I had the "HOLY SHIT I DID IT" moment again with the "Bender" obstacle. By that point I had already done penalty burpees on the Tyrolean Traverse and I had no interest in doing more. In my mind I was going to do everything possible to get by that Bender obstacle without subjecting myself to another set of that misery masquerading as exercise they call burpees. A woman who I had been chatting and racing with through a couple of obstacles helped make sure I secured myself along the first rung of the Bender and then I started working my way up and over with some other racers on the ground giving direction as to how to maneuver myself. I am certain this obstacle is where I racked up most of the bruises on my body as I both clung tightly so as not to fall and pushed through many awkward and painful positions to get myself over the obstacle. Once I was finally over and safely on the ground, I almost cried. And that was only a third of the way through the race.
There were so many things in that race that I thought I could never do which I did. Carry this huge stone. Climb over this wall. Crawl under this barbed wire. Keep going up and down this mountain all day long. Go under this dunk wall. Carry this bucket with rocks along this path. Burpees. Burpees. And more burpees. Carry this sandbag down this hill and back up again. Penalty hike up this mountain for missing the spearthrow. And this one for falling off the Twister. Keep going through the pouring rain and in the thunder and lightning as they close the course while you are less than a mile from the end and then wait to hear if the race officials will even let you finish. By the time it was over I was soaking wet, bruised, bloody, and happier than I had been in a very long time.

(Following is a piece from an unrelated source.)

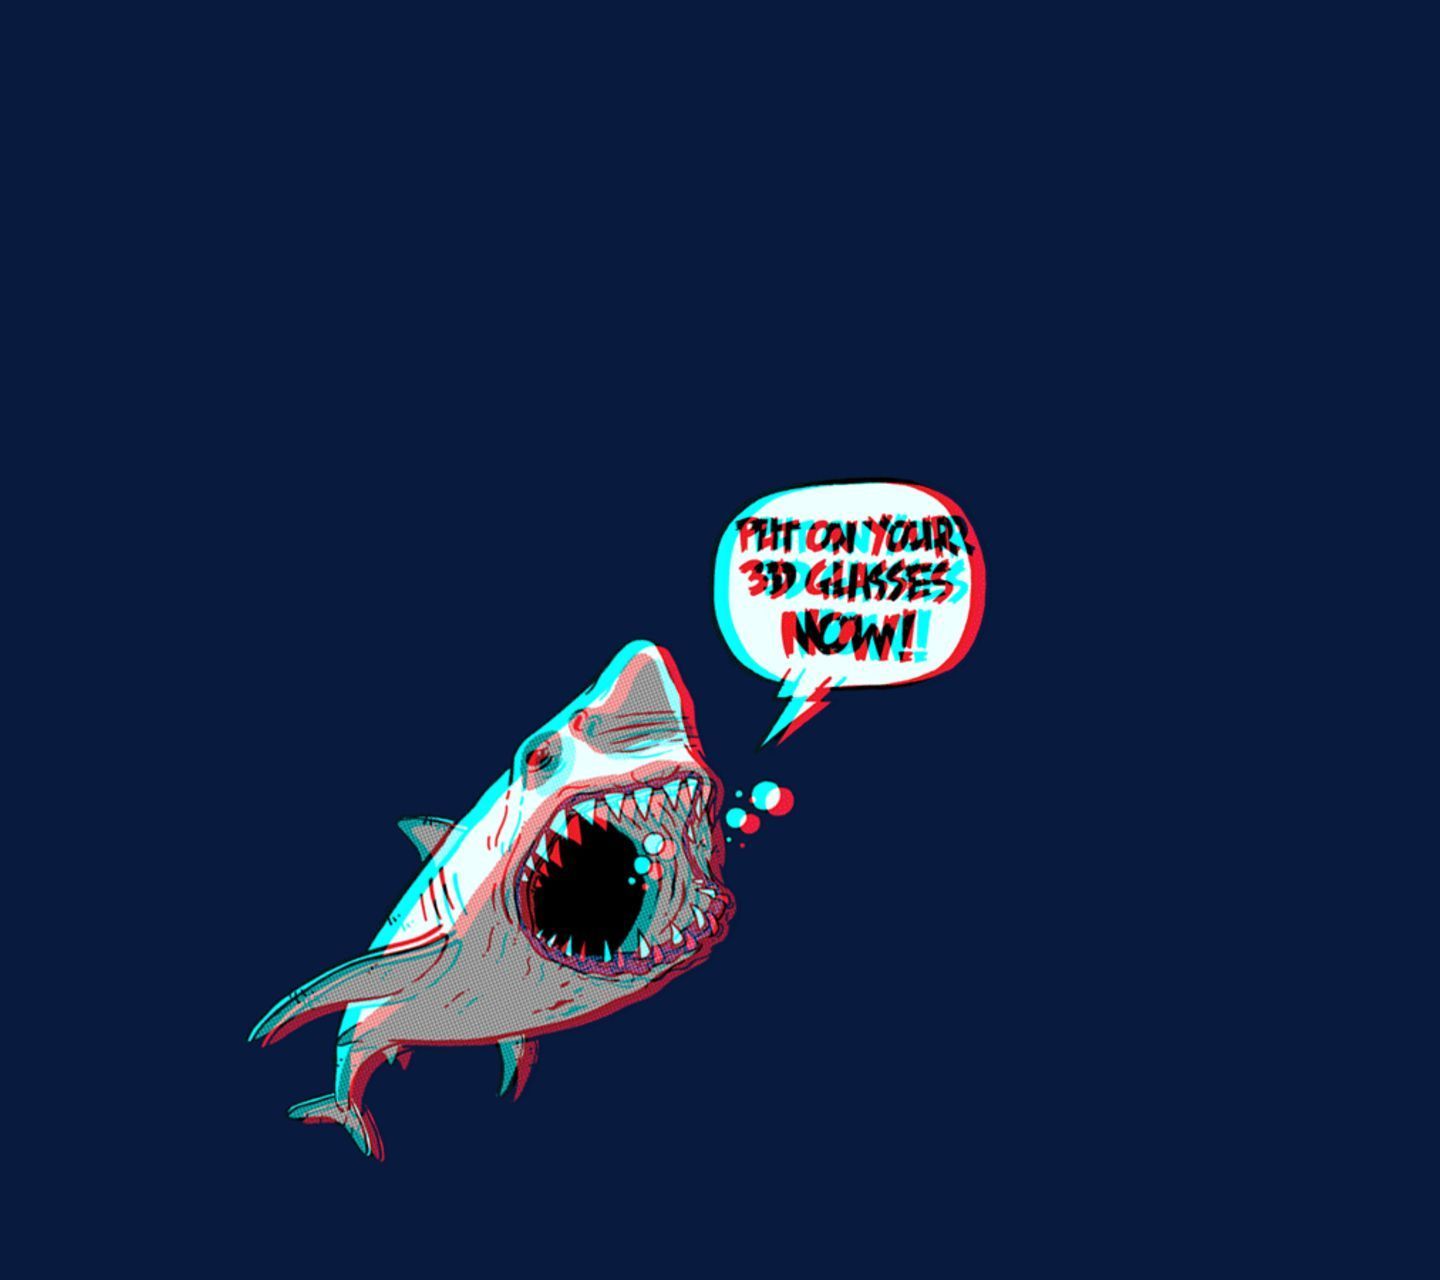 A shark saying 
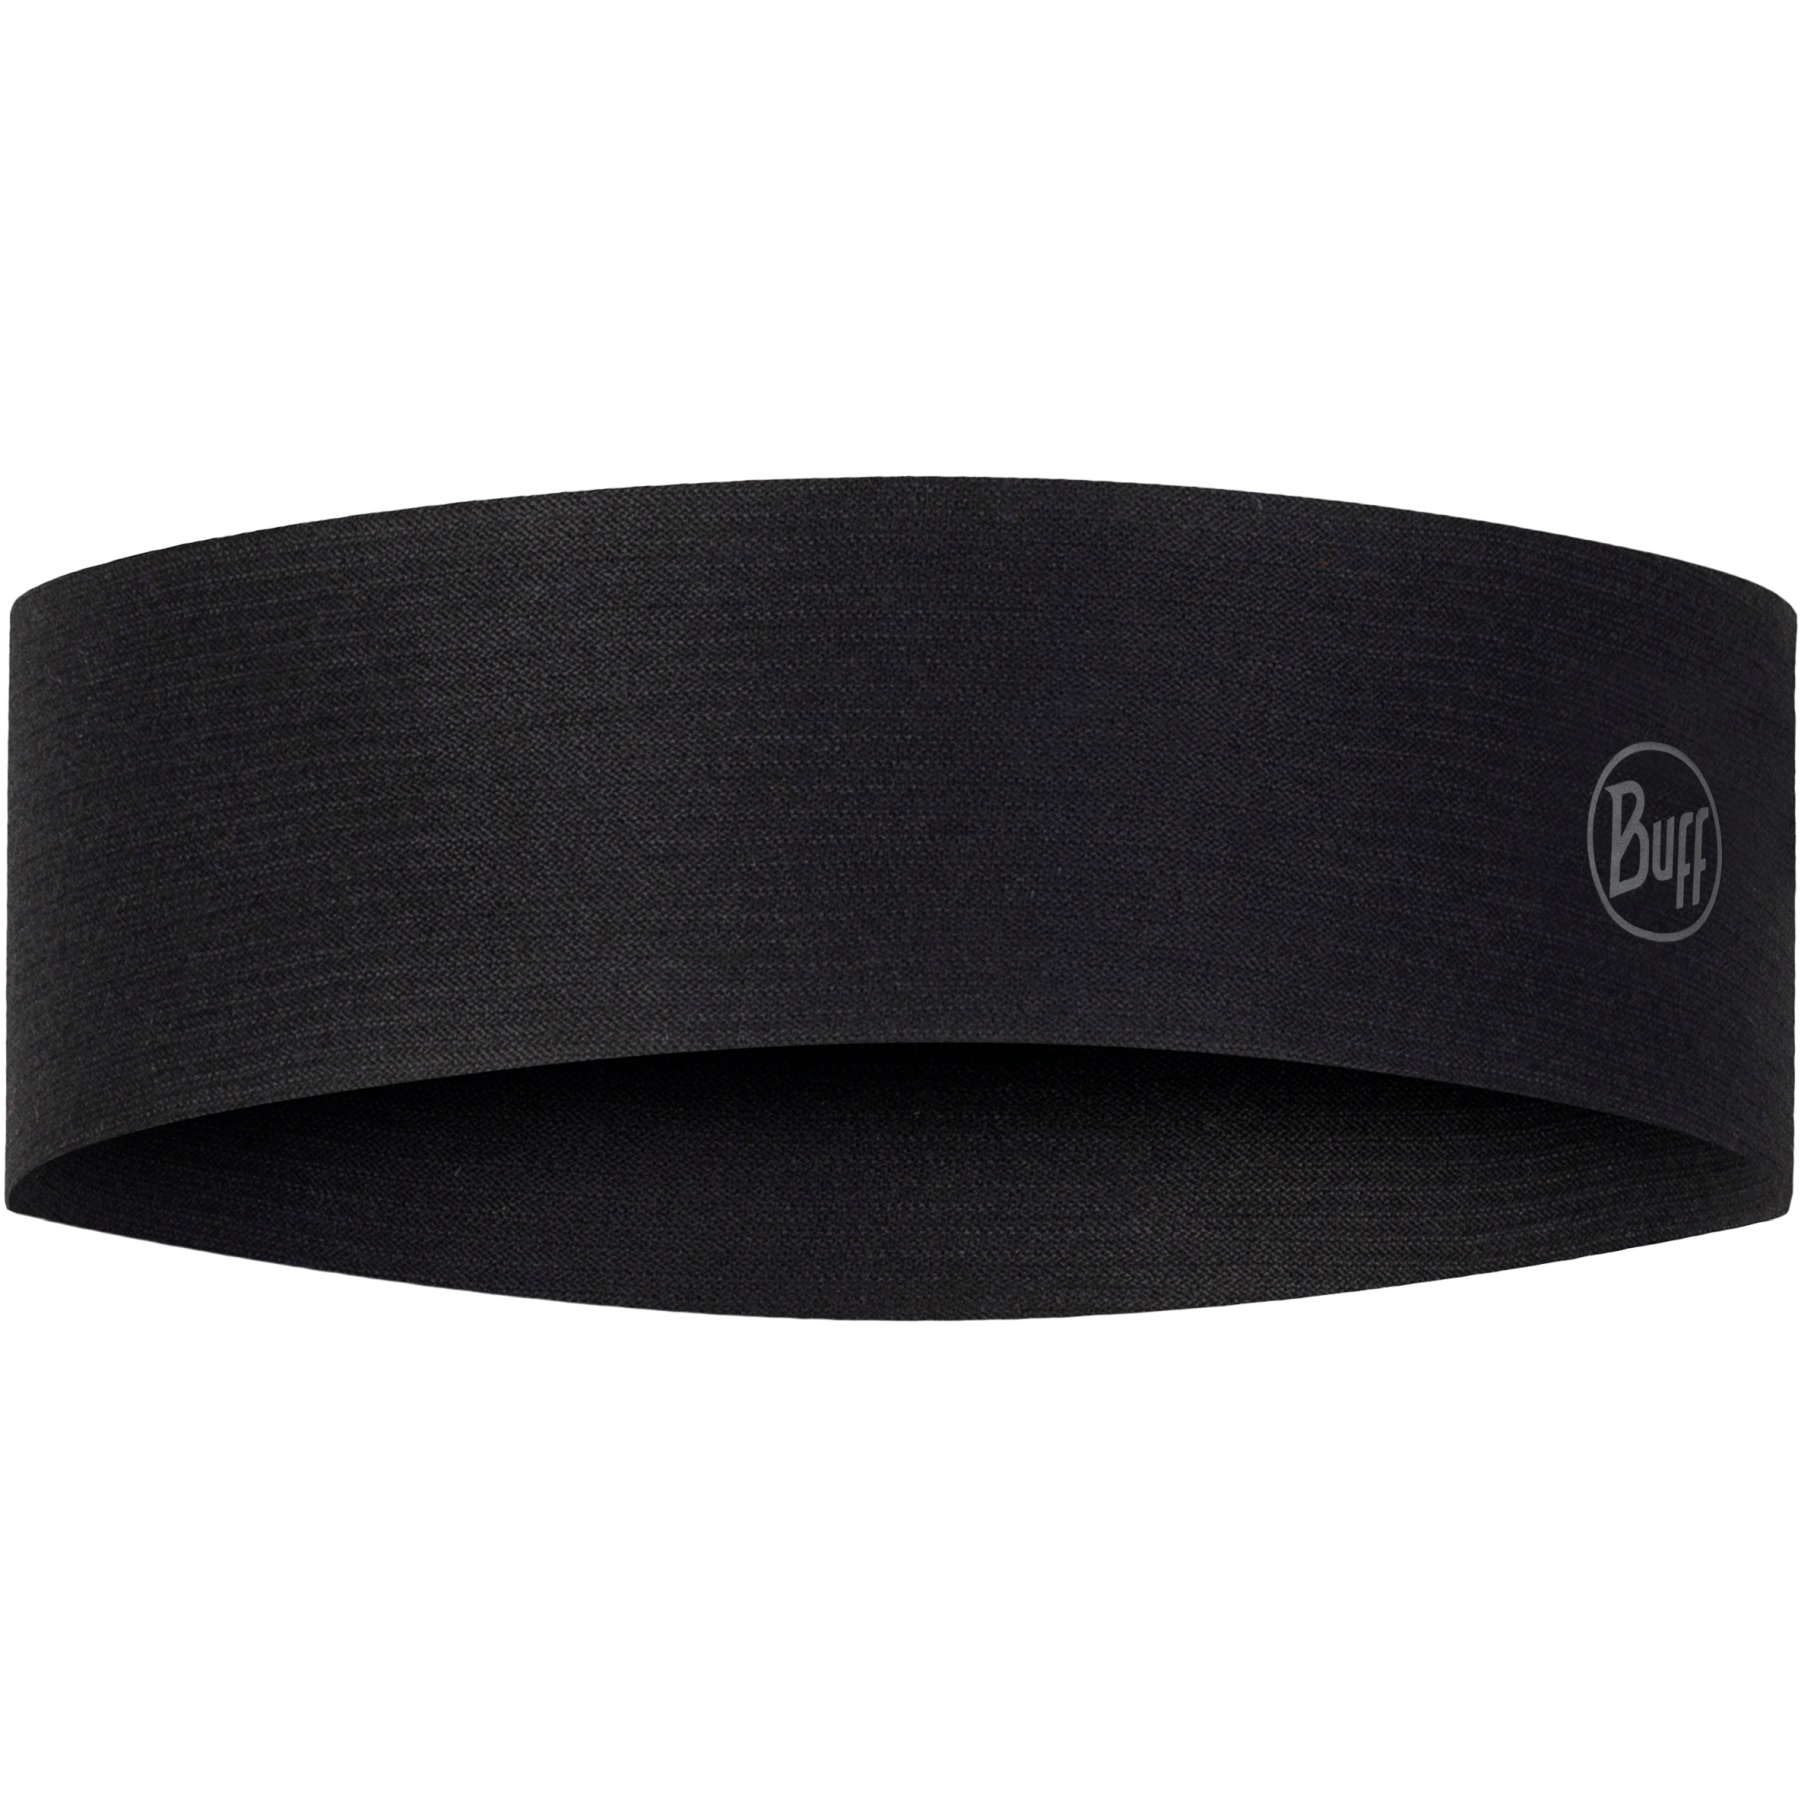 Productfoto van Buff® CoolNet UV Slim Hoofdband Unisex - Solid Black

|Bucket Brigade and my race in a nutshell|
It took me weeks to recover, but it only took me hours to decide that I would be finishing the other two (shorter) length Spartan races this year in order to complete my Trifecta. I've got my eye on conquering Mountain Creek again in October and I plan on doing way fewer burpees this time around.
This year I also opened the last gift I ever received from Joe. Music was always one of the things that kept Joe and I connected. We loved going to shows together, listening to music at home or in the car, and learning new things about our favorite artists. Joe always seemed to be the guy who knew everything about everything when it came to music. It should come as no surprise then that, unbeknownst to me, he had pre-ordered a CD recording of the NYC show for the Greg Dulli tour we saw in Philly in 2010. That Philly show was the last one we saw together. We had tickets for the one in NYC too, but between having a baby at home and Joe not feeling 100% we decided that one show would have to be enough.
The CD arrived about a month and a half after Joe died and although I had opened the envelope (which was addressed to him) I had left the CD in its packaging. Until this year. So, in May, on the day that was 7 years from our last show together, I opened it. Listening to that album was one of the greatest moments of catharsis I've had in awhile. It became a special part of my year and I keep the CD in my car for those times when I want to have some moments with him where I'm doing more than just talking to the air.